Finding a great idea happens on a different level. It is beyond rationally weighing of advantages and disadvantages of options. It is like pulling a joker from up your sleeve. It is an illuminating moment, a flash of insight. The barometer for the quality of an idea is your feeling. A great idea triggers you deeply. It vibrates throughout your body and amps you up. It’s like in the Matrix, at the moment when Neo starts dodging bullets. You realize this is “The One”. You become confident. Everything suddenly starts to click. You are flying high on the idea. You are in the state of “Innovator’s High.” Just as runners feel Runner’s High, which occurs during prolonged, strenuous exercise when endorphins kick in, innovators experience Innovator’s High when struck with an epiphany. Having won the race against the clock, the body releases happy hormones that provide the creative with a major boost. The innovator feels enthusiastic! (From Greek: enthousiazein, to “be inspired or possessed by a God”). Innovator’s High is like champagne for your mind.

Questions at a personal level are:

Is the idea amping me up? Am I thrilled to realize it? Am I willing to invest my time, money, life, everything?
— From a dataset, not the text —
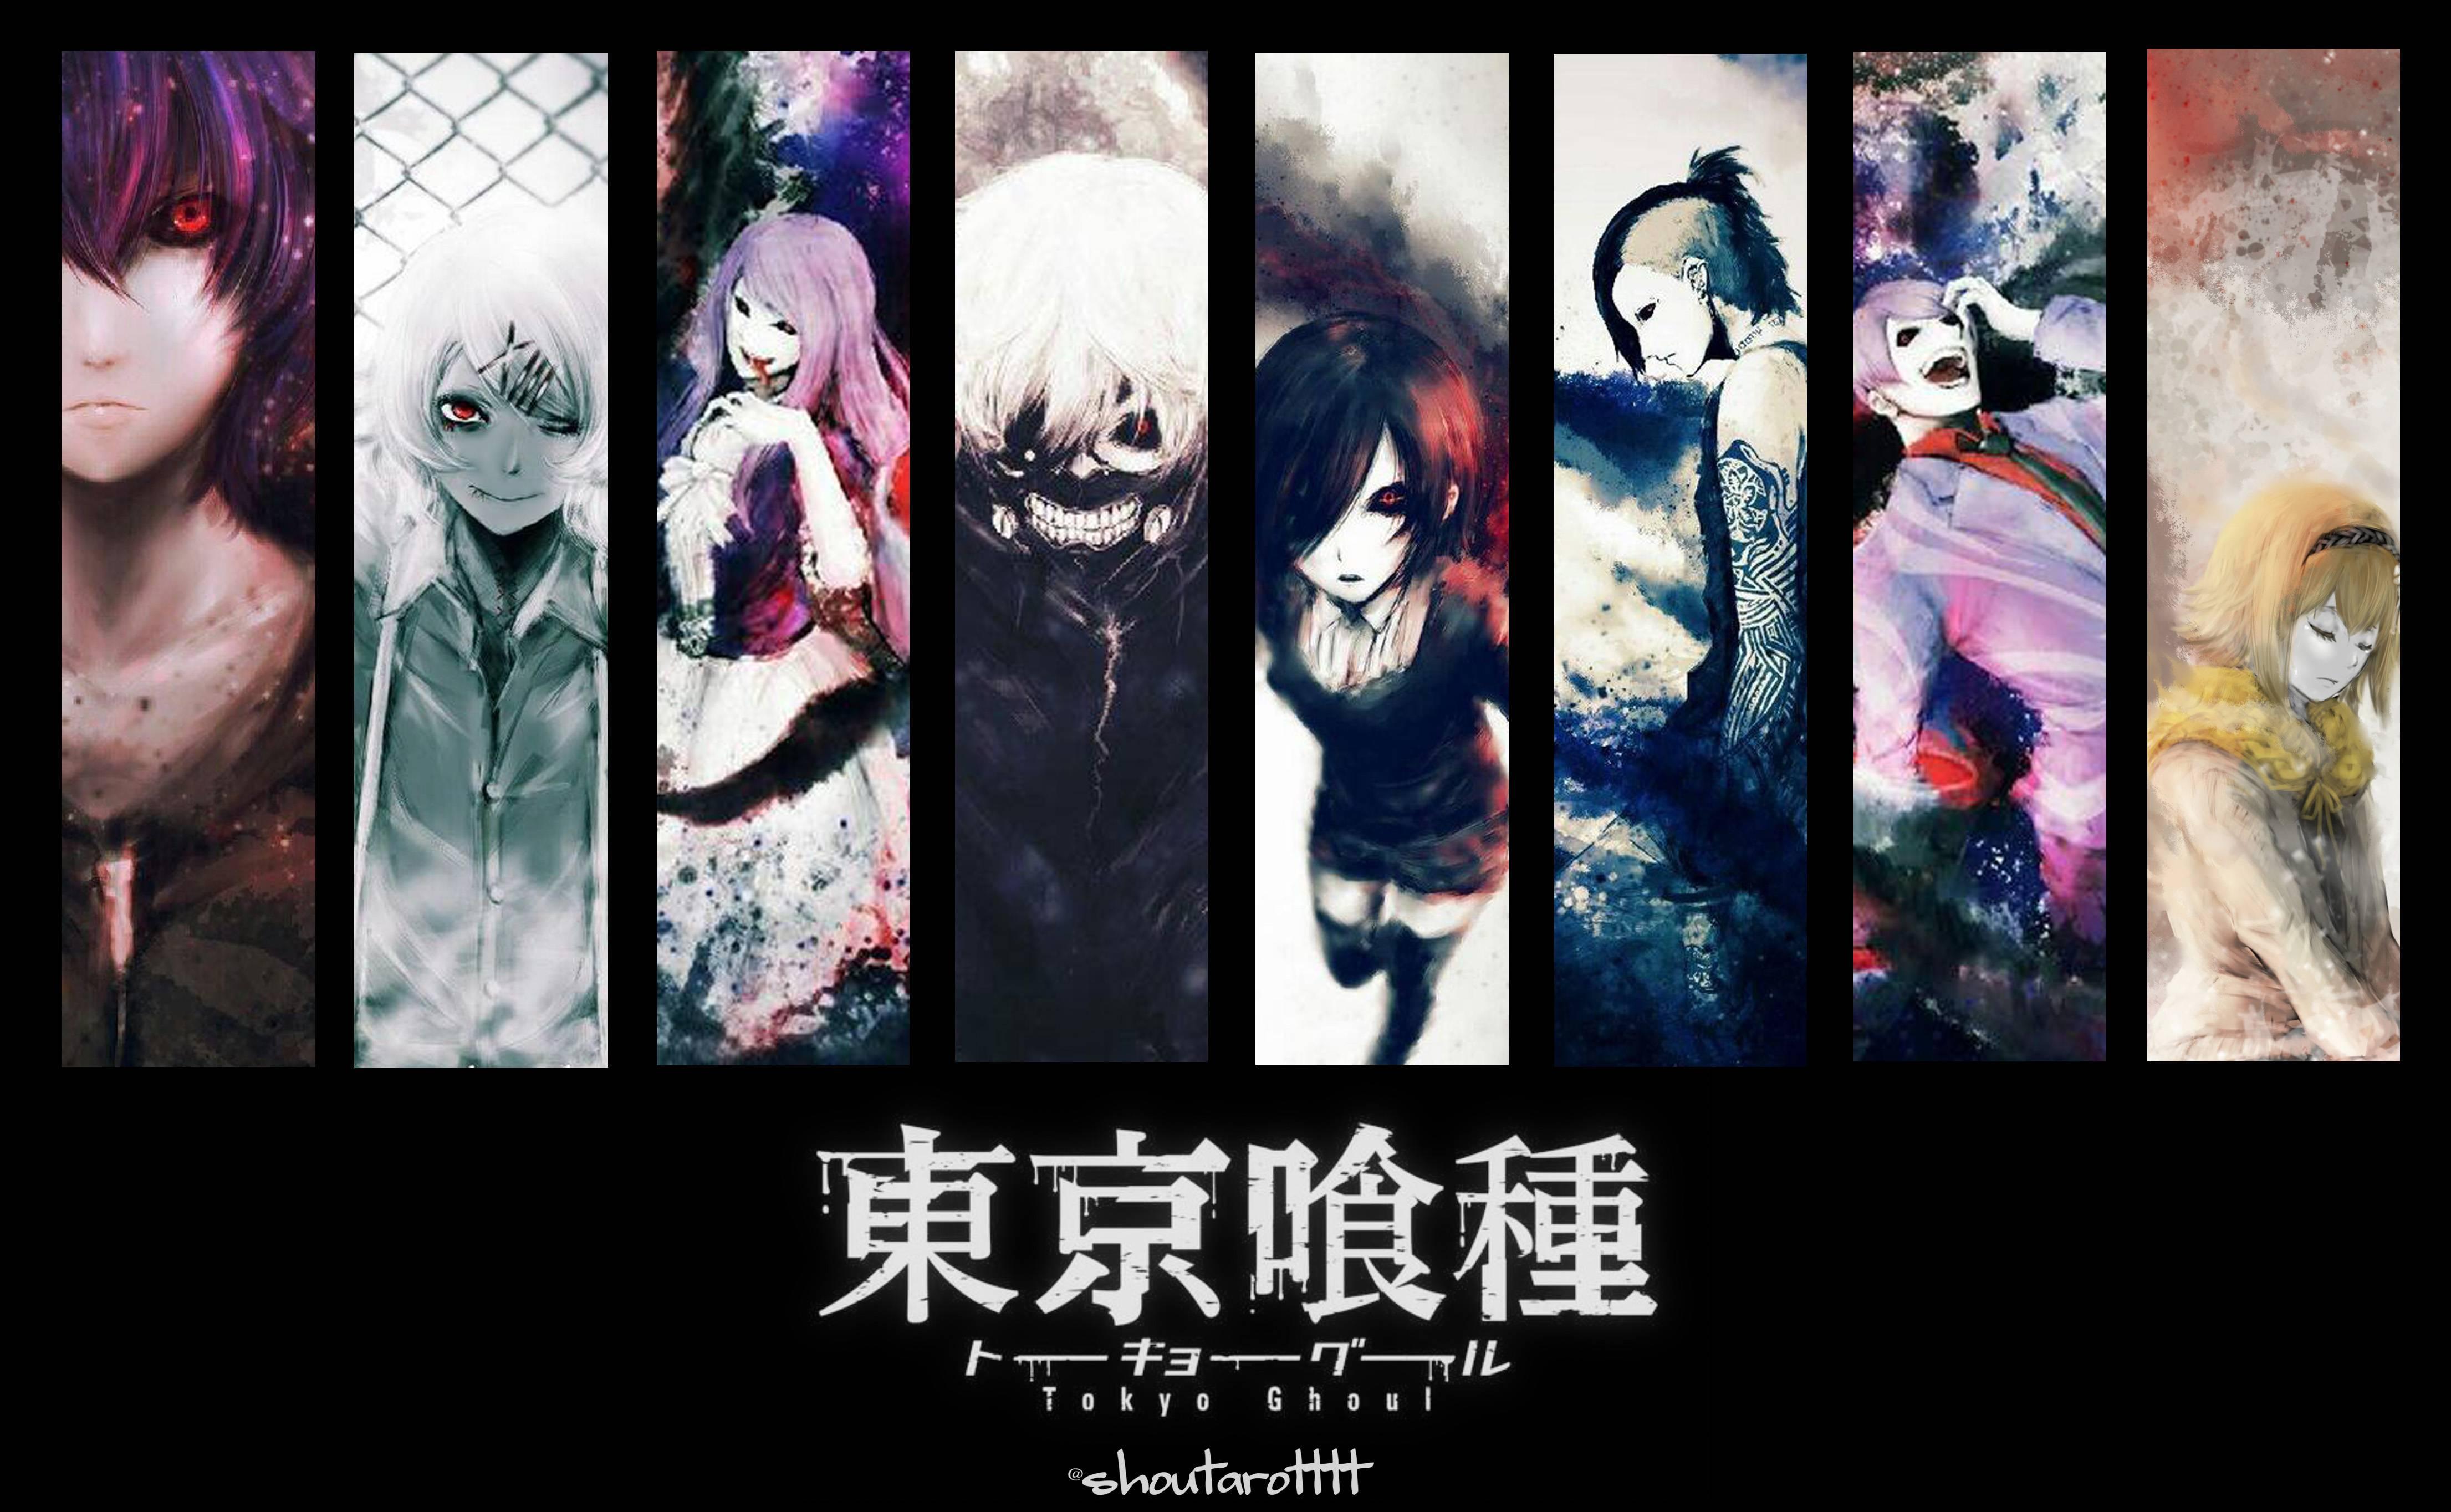 Tokyo Ghoul Saison 2 - Dernier Débat, Dernier Episode ZL45H-qn2RmvSSsjMdCD8hauAds
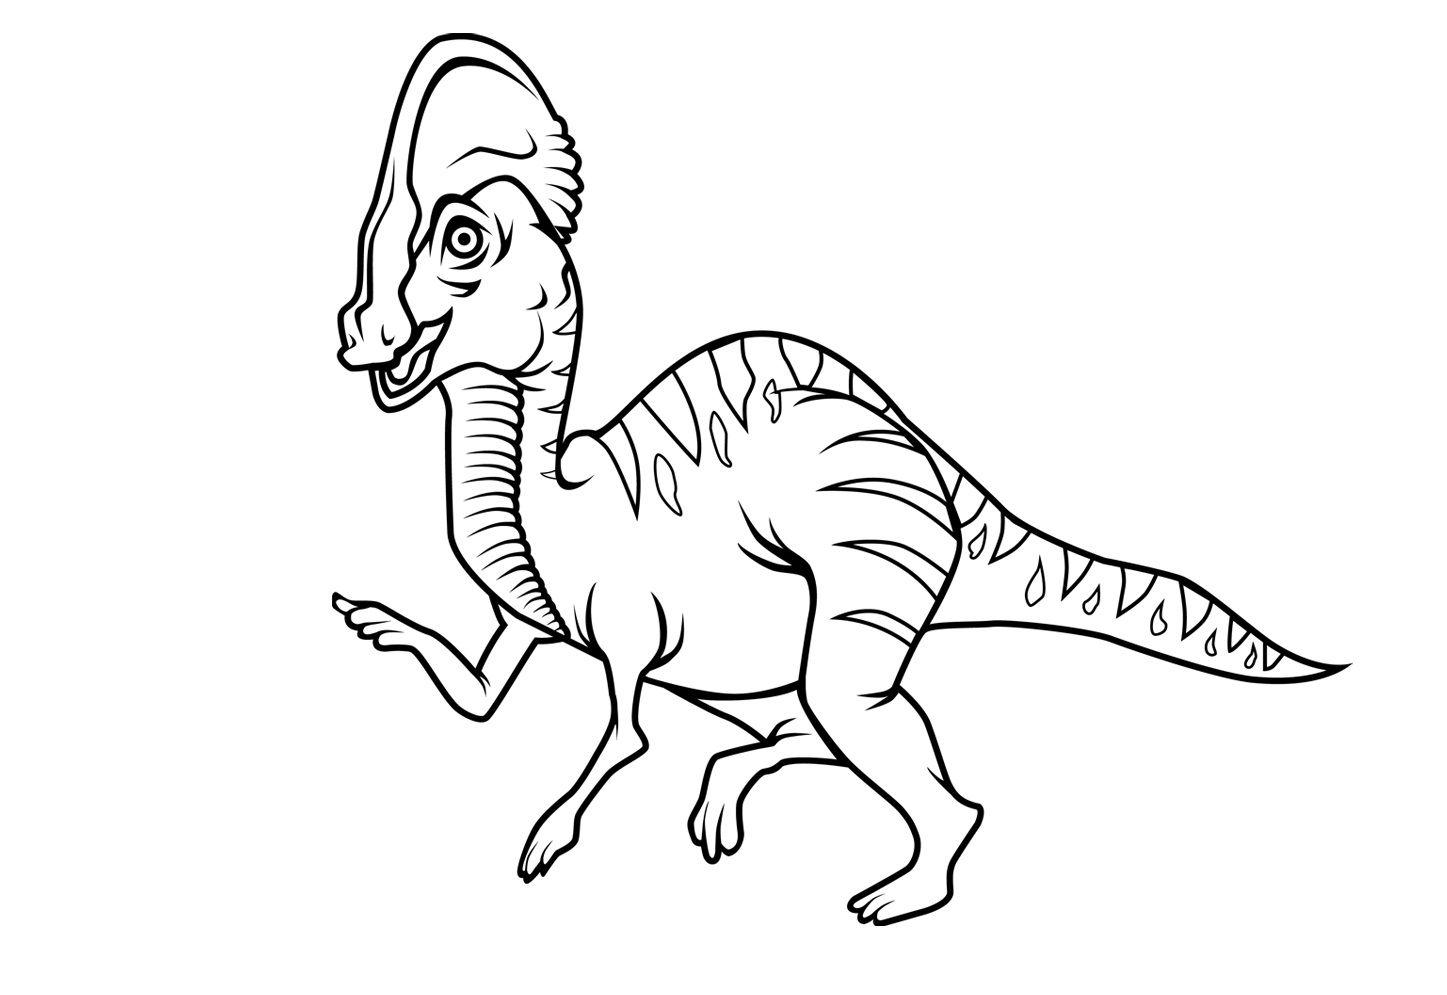 Dinosaur Corythosaurus | Dinosaurs | Pinterest

Am I willing to carry it through? Is it worth creative risk-taking?

Questions at a corporate level are:

Does the idea lead to intensive discourses? Are people strongly against the idea? And why? Does the idea set off some extra energy within some team members? Are some enthusiastic about it and committed to rolling the idea out?

Feel Innovator’s High

Every “R” is equally important to evaluate an idea. However, if I would have to pick one to stand out it would be: Rock ‘n’ Roll. As Led Zeppelin sang in Stairways to Heaven:

There’s a feeling I get when I look to the west
And my spirit is crying for leaving 

Yes, there’s a feeling you should get when you look at your idea. It’s the feeling of Innovator’s High. And, your spirit will be crying for realizing the epiphany.

Like a child growing up, you have to love your idea and carry it through the good and bad times. In the process of getting the idea rolling, failure will be your reliable companion. There will be moments of doubt, there will be 99% of sweat and 1% of “it-was-worth-it-all!” It’s like with any sports. It’s the winning moment that’s worth all the effort. If you love your idea, you’ll have the grit to carry it through dark and stormy days. You are exploring your own path. You are an idea pioneer. No one knows what will be waiting for you at the end of your idea expedition and, what is there to lose? As Led Zeppelin concluded:

Yes, there are two paths you can go by
But in the long run
There’s still time to change the road you’re on

To find The Chosen One produce lots of ideas and wait for Innovator’s High to happen.